UIC HISTORIAN RECEIVES FULBRIGHT LECTURING RESEARCH GRANT
James Searing, associate professor of history and African-American studies at the University of Illinois at Chicago, has received a senior Fulbright Lecturing Research grant from the U.S. Department of State and the J. William Fulbright Foreign Scholarship Board.
Searing will travel to Senegal to help the Historical Museum on Goree Island and the L'Institut Fondamental d'Afrique Noire-Cheikh Anta Diop develop a new exhibit on the history of slavery and the slave trade. Additionally, he will conduct research exploring the role of religion and ethnicity in resistance to the slave trade, slavery and colonialism.
"Goree Island attracts a large number of visitors everyday, most of whom come because the island evokes the tragic history of the slave trade," said Searing. "It is a world historic site, and I am grateful to be selected as a part of this collaborative project."
The eight-month lecturing/research grant is the first Fulbright grant affiliated with L'Institut Fondamental d'Afrique Noire-Cheikh Anta Diop and the Historical Museum of Goree. No other U.S. Fulbright winner has ever been assigned to the museum or collaborated with the institute on the history of slavery, Searing said.
"Any new presentation of Goree's history must integrate regional and global issues related to the slave trade," said Searing. "Hopefully, by the end of this project, the museum's displays will guide a visitor through Goree's history as a site of the slave trade and slavery, and have displays that link that history to the larger story of the Atlantic slave trade."

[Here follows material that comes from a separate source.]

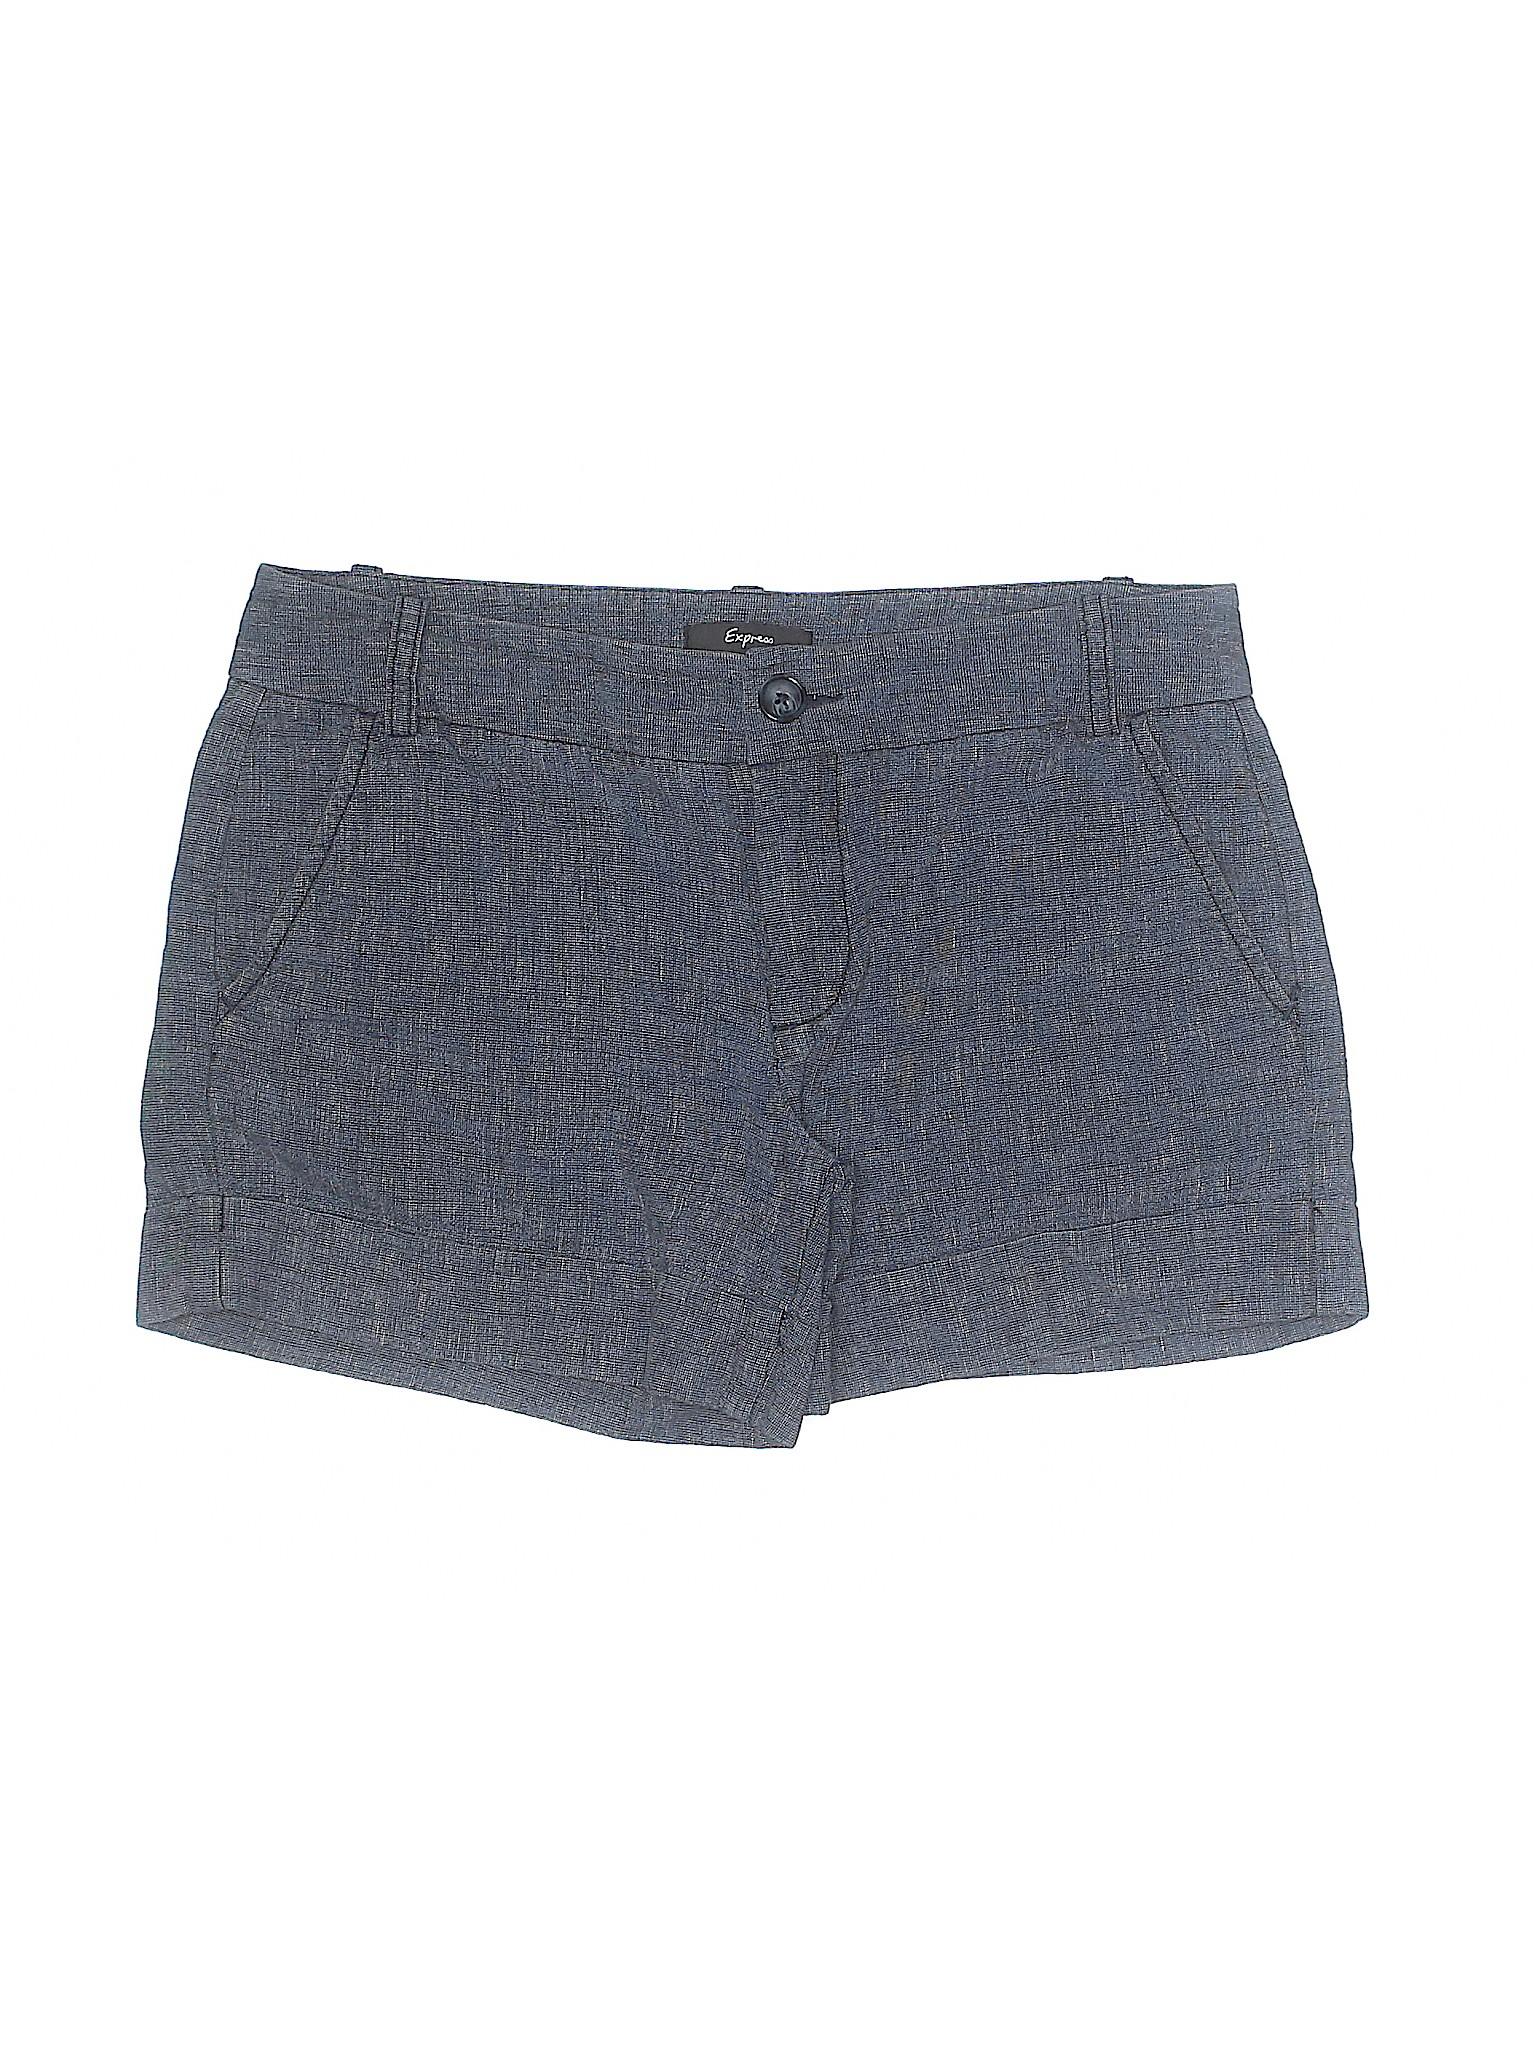 Khaki leisure Boutique Express leisure Shorts Boutique 7nIvBz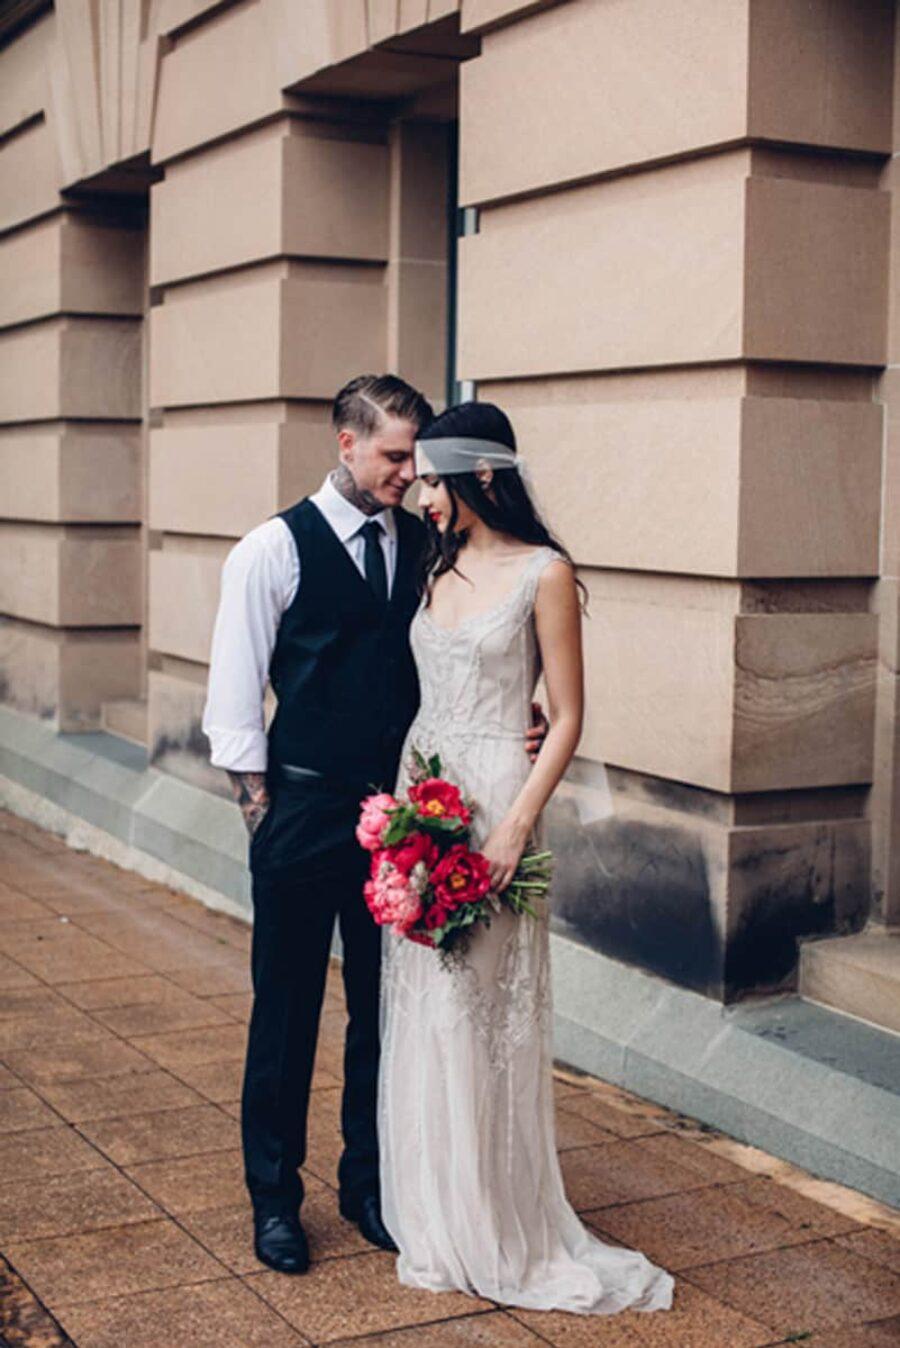 Urban Brisbane wedding

In addition to his work at the museum, Searing will conduct research among all major Sereer communities in the Petite Cote region of Senegal.
Searing's return to Senegal will be somewhat of a homecoming. He received a Fulbright Dissertation Research Grant in Senegal from 1983-84, and was a Fulbright Professor of U.S. and African History at the Universite Cheikh Anta Diop, Dakar, Senegal from 1988-1990.